ROANOKE TIMES

                         Roanoke Times
                 Copyright (c) 1995, Landmark Communications, Inc.

DATE: SUNDAY, July 2, 1995                   TAG: 9507030081
SECTION: VIRGINIA                    PAGE: A1   EDITION: METRO 
SOURCE: LESLIE TAYLOR STAFF WRITER
DATELINE:                                 LENGTH: Medium


STATE PLAN OK'D

Virginia's ambitious plan to overhaul its welfare system received federal approval Saturday.

President Clinton said during his weekly radio address that he had approved the necessary waivers for the program to begin. The U.S. Department of Health and Human Services has conducted a three-month review of Virginia's application for welfare waivers.

"Virginia has a good plan and I am proud to support it," Clinton said.

Clinton's approval came the day the new welfare regulations were scheduled to become law in Virginia. The state now has the go-ahead to implement the plan - called the Virginia Independence Program - that will require two-thirds of the state's 74,000 welfare recipients to begin working for their benefits and will limit most payments to two years.

"For centuries, both the ideas and activities of independence and liberty were born here in Virginia," Gov. George Allen said in a news release. "It is fitting that the Virginia Independence Program, which we designed to break the debilitating trap of dependency in our current failed welfare system, would become law and be approved at the same time that we commemorate Independence Day."

Under the plan, Aid to Families with Dependent Children - a primary form of welfare and the plan's targeted benefits program - will be cut off to recipients after two years.

Recipients can choose to receive a third year of transitional aid in the form of child care, transportation and medical coverage. After that third year, however, AFDC cannot be reinstated for another three years.

Most of the plan's components will become effective statewide immediately. Among them:

Extra AFDC benefits will be denied to welfare recipients who get pregnant after the plan is implemented;

Unmarried mothers under 18 will be required to stay in school and live with a parent or adult relative in order to receive benefits;

Unmarried fathers will be required to stay in school or be held liable for child support.

The plan's work component, called "VIEW - Virginia Initiative for Employment Not Welfare," will be phased in over four years. About 30 localities were selected for the first year of the phase-in. The state has allocated $7.8 million to help those localities cover the extra costs of the program.

That money will be used to pay day-care costs for the children of working welfare recipients, job training and education, and programs to find jobs and place recipients in them, said Martin Brown, a spokesman for state Secretary of Human Resources Kay Coles James.

The city and county of Culpeper, and Fauquier, Rappahannock, Orange and Madison counties will enter the program Wednesday. Bedford, Campbell, Amherst and Appomattox counties, and Lynchburg and Bedford will enter the program Oct. 1.

Every 90 days after that, several new localities will be added. Phase-in for localities in the Roanoke and New River valleys has not yet been scheduled.

"VIEW" requires able-bodied recipients to begin working for their benefits 90 days after their locality enters the program. Recipients must sign an agreement of personal responsibility.
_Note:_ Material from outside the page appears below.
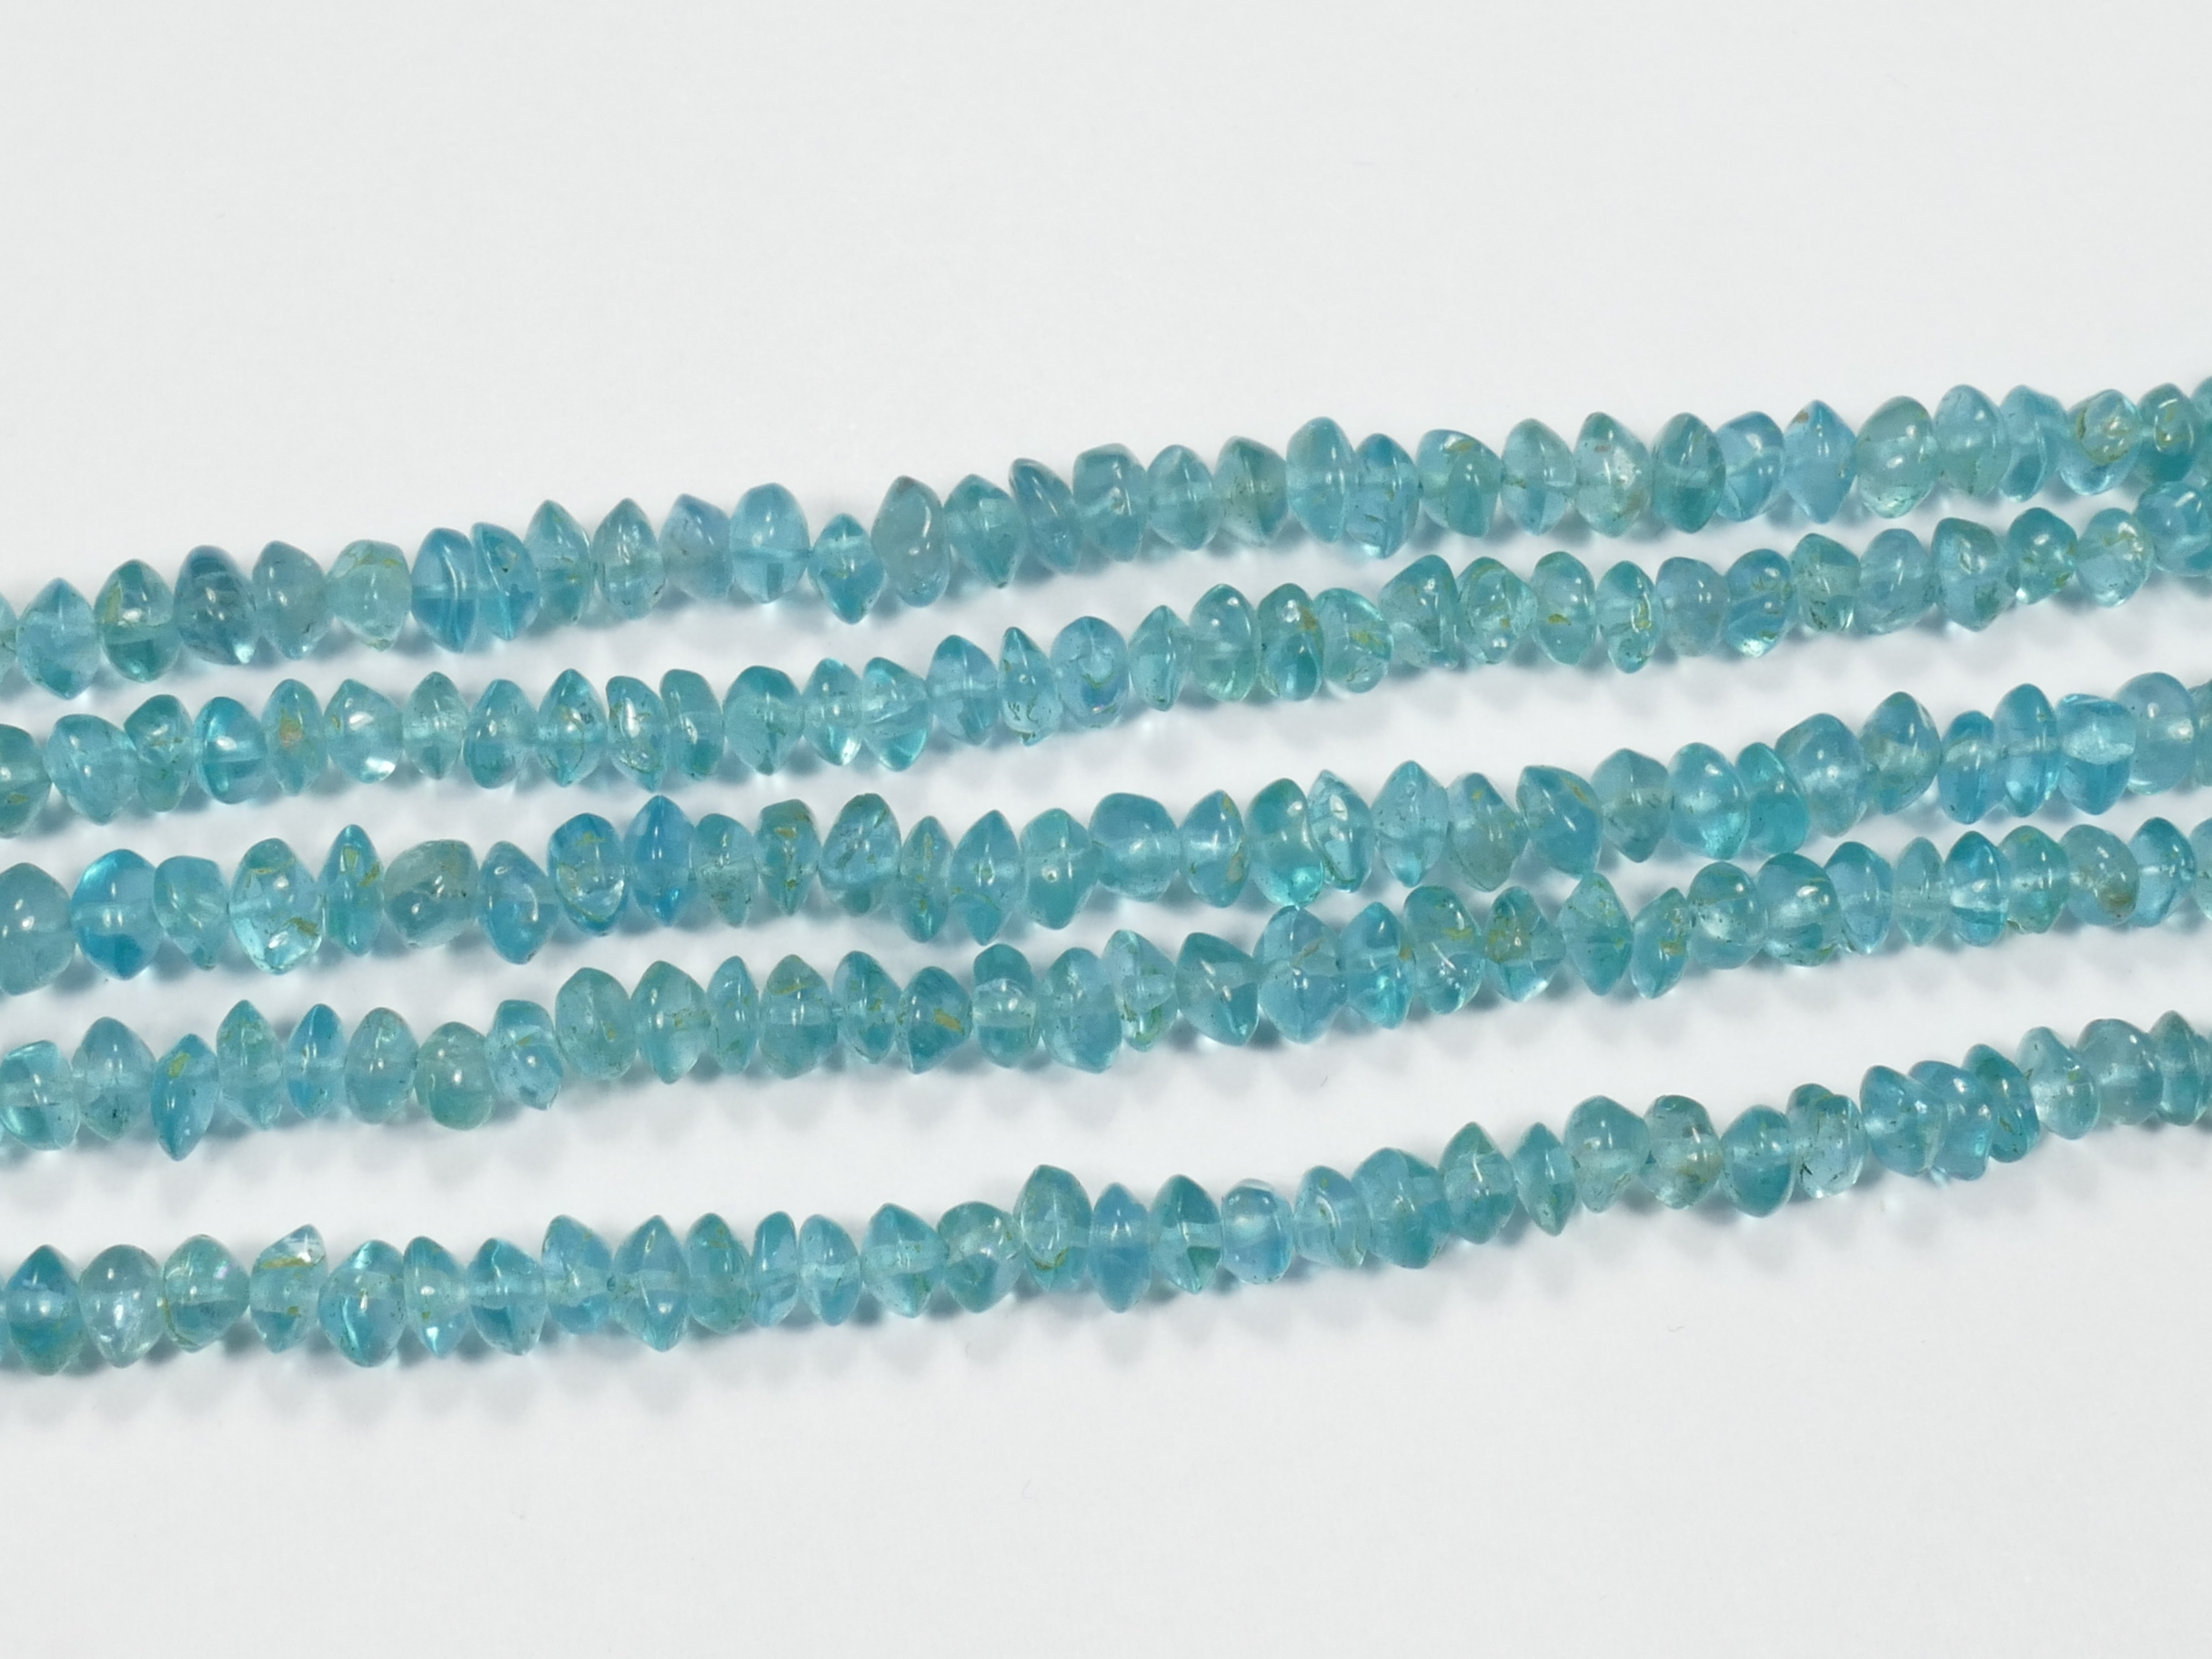 4.4/5.4mm Perles d\'Apatite bleu ciel naturel en rondelle lisse irrégulière x16cm (6.2inch) (#AC894)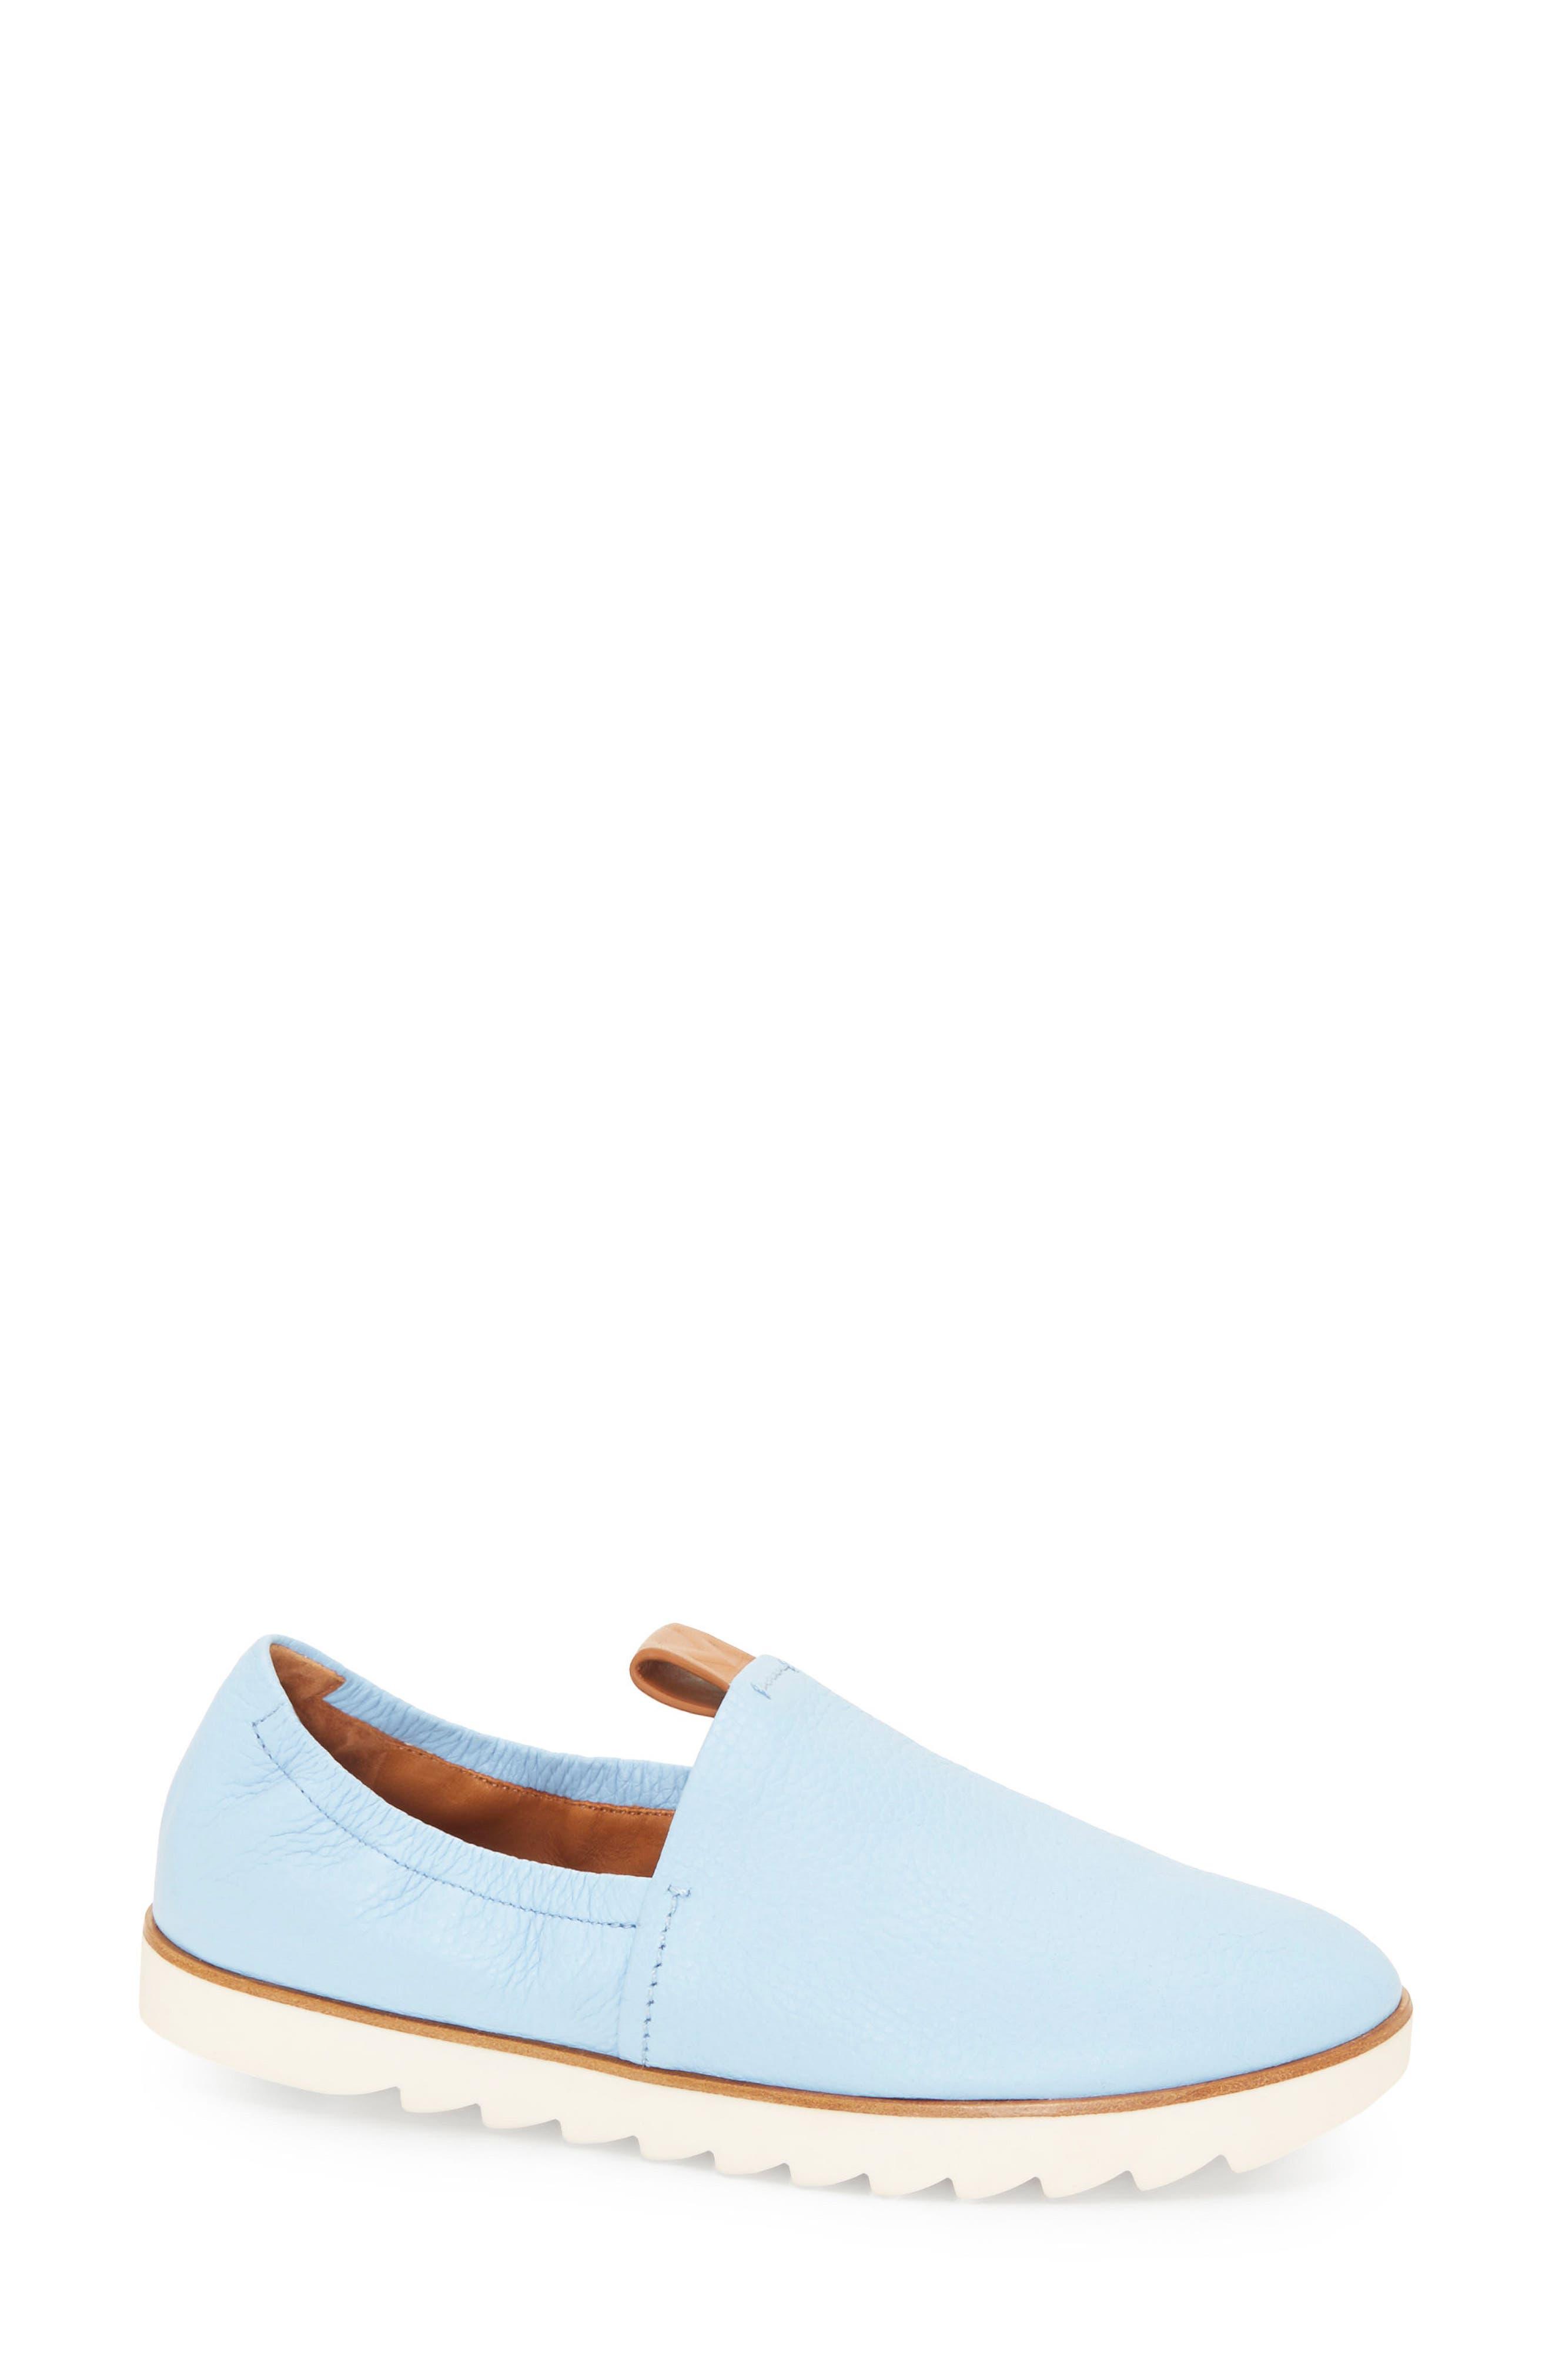 Alternate Image 1 Selected - Mercedes Castillo Clelia Slip-On Sneaker (Women)

Failure to sign the agreement can result in termination of AFDC benefits.

Earned income will be disregarded as long as earnings plus the AFDC allotment do not exceed federal poverty guidelines.

Under final terms of the waiver, the state agreed to make exceptions for hardship cases.

The federal government wanted to ensure "that there would be exceptions for people ... that they would be able to argue that if circumstances prevented them from being able to find jobs, the state could grant them extension in cash benefits," said Michael Kharfen, Health and Human Services spokesman.

The plan would shift many of the program's costs to localities. Critics charge the state has not prepared an adequate pool of jobs for those who will be asked to work for their benefits.

State officials admit they are not sure where they will find all the jobs necessary for the program.

"Much of this we're making up as we go along," said Clarence H. Carter, executive director of the Governor's Employment and Training Council, who will oversee the jobs portion of welfare reform.

State officials point to estimates that the Virginia economy created some 87,000 new jobs last year. The challenge will be to match thousands of people - many with few skills and little training - with job vacancies, many of which require training and skills.

The Associated Press contributed information to this story.